### MATERIAL SHOWN

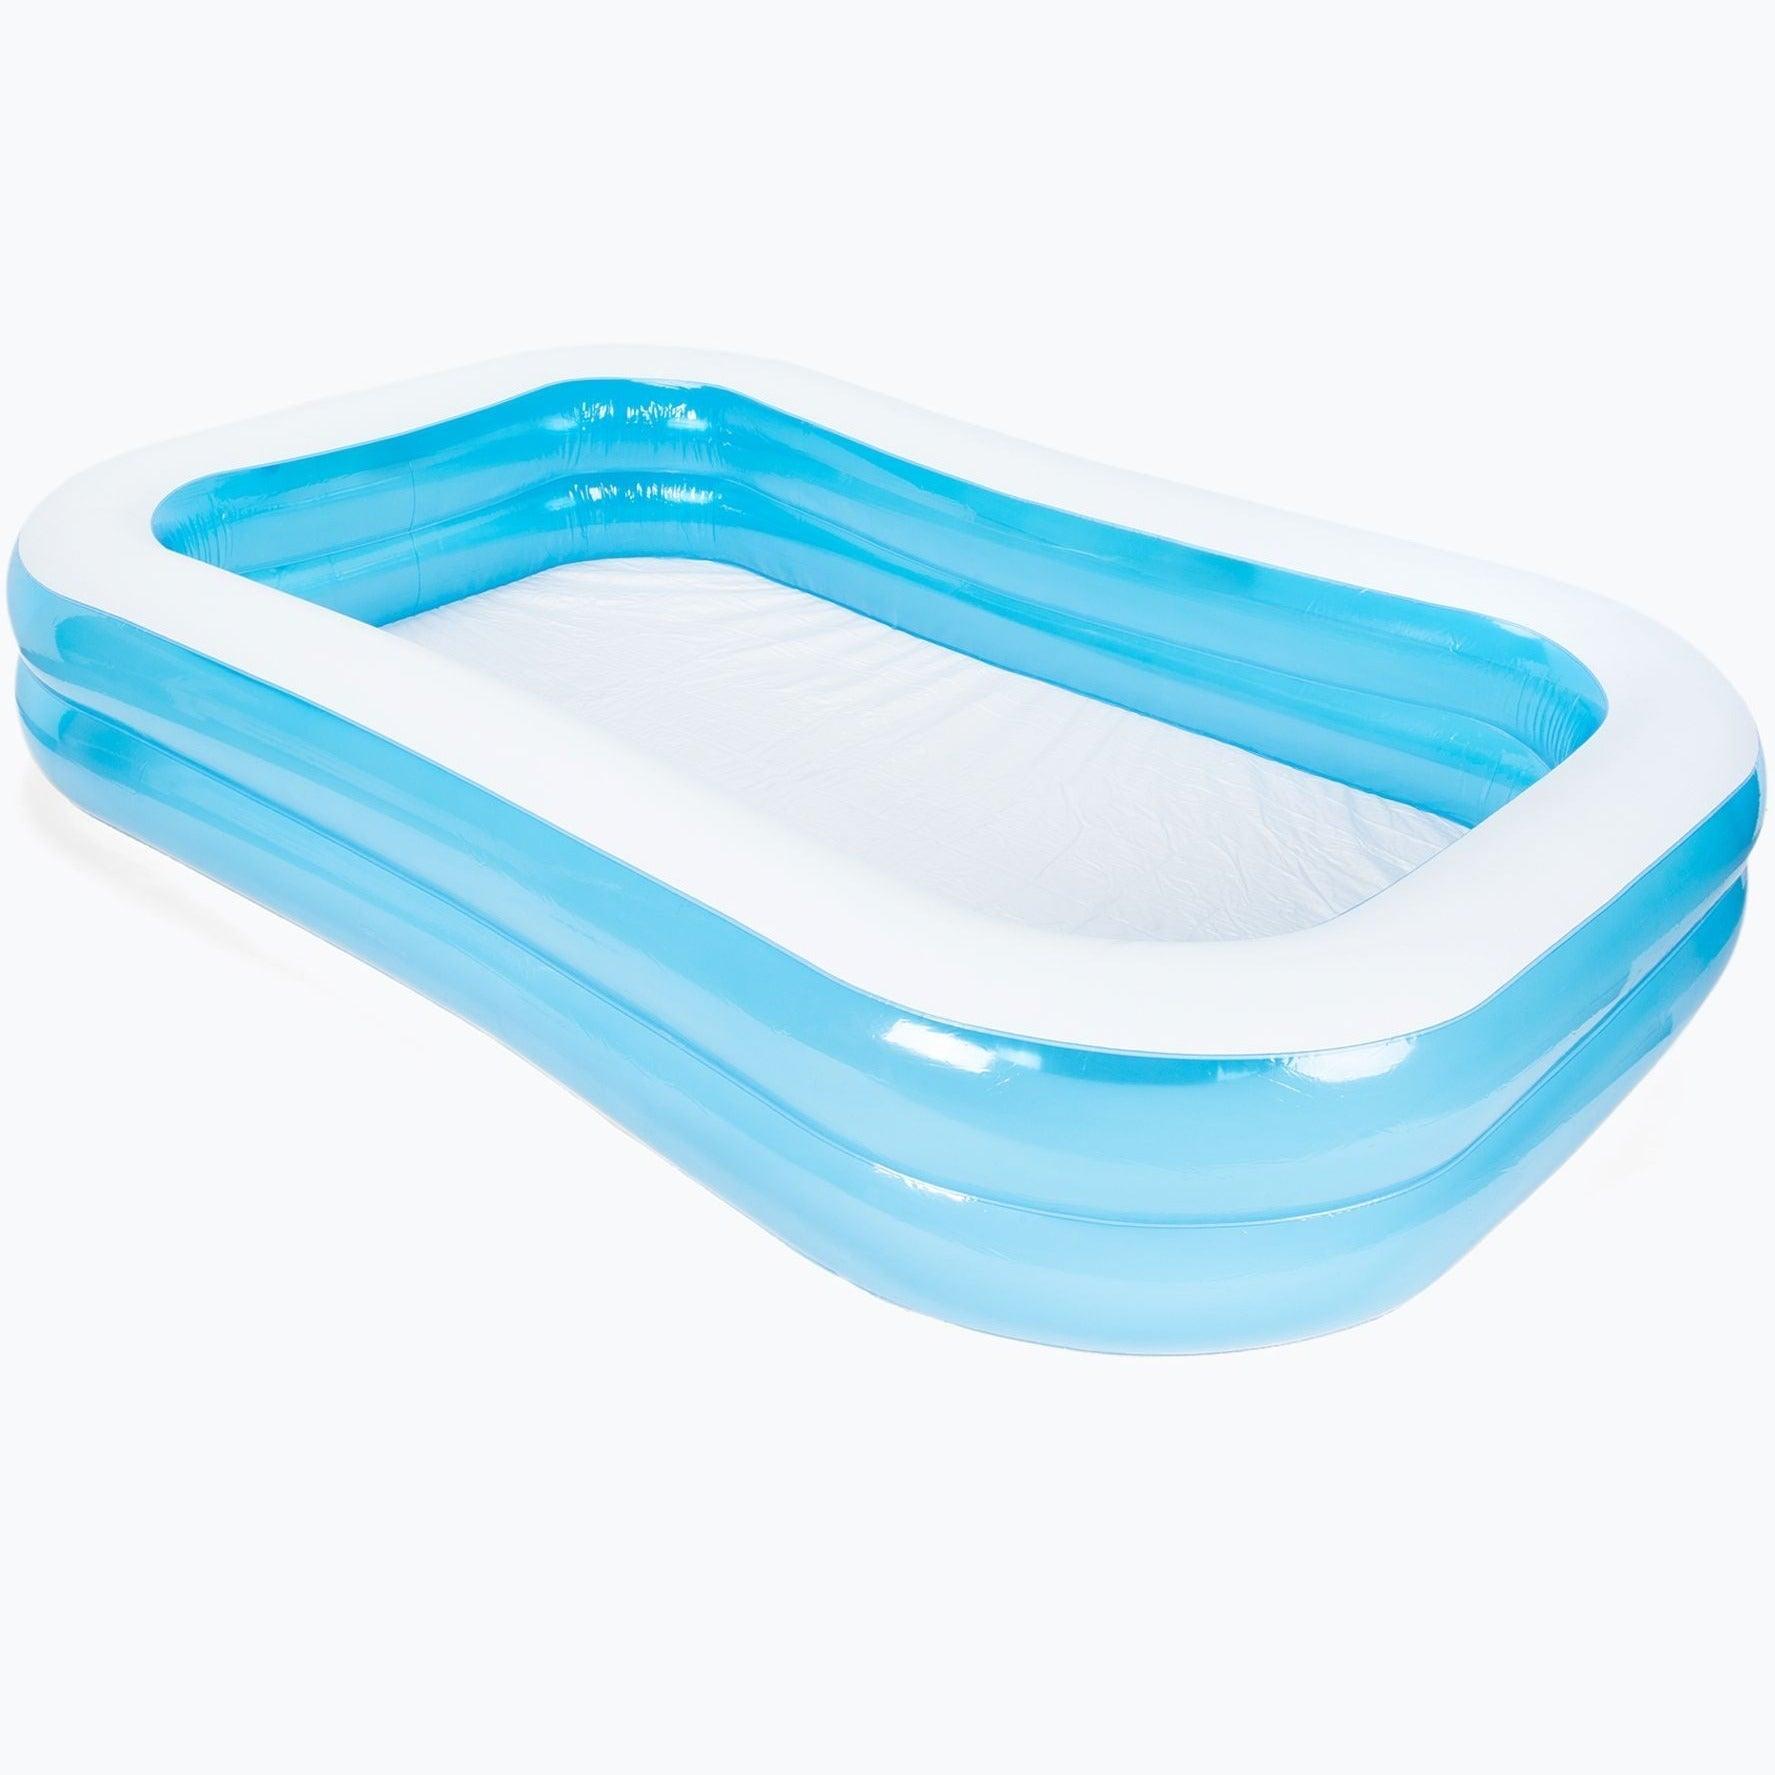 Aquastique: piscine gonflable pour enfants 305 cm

--

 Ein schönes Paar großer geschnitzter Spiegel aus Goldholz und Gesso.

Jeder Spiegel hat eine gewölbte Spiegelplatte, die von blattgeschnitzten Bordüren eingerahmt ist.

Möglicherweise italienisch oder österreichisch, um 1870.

### DESCRIPTION OF THE TASK
For the listing above, print only the lines starting at the line containing "Ein schönes Paar" and ending at the line containing "Möglicherweise italienisch oder", exactly, both included.

### ANSWER FOR THE TASK
 Ein schönes Paar großer geschnitzter Spiegel aus Goldholz und Gesso.

Jeder Spiegel hat eine gewölbte Spiegelplatte, die von blattgeschnitzten Bordüren eingerahmt ist.

Möglicherweise italienisch oder österreichisch, um 1870.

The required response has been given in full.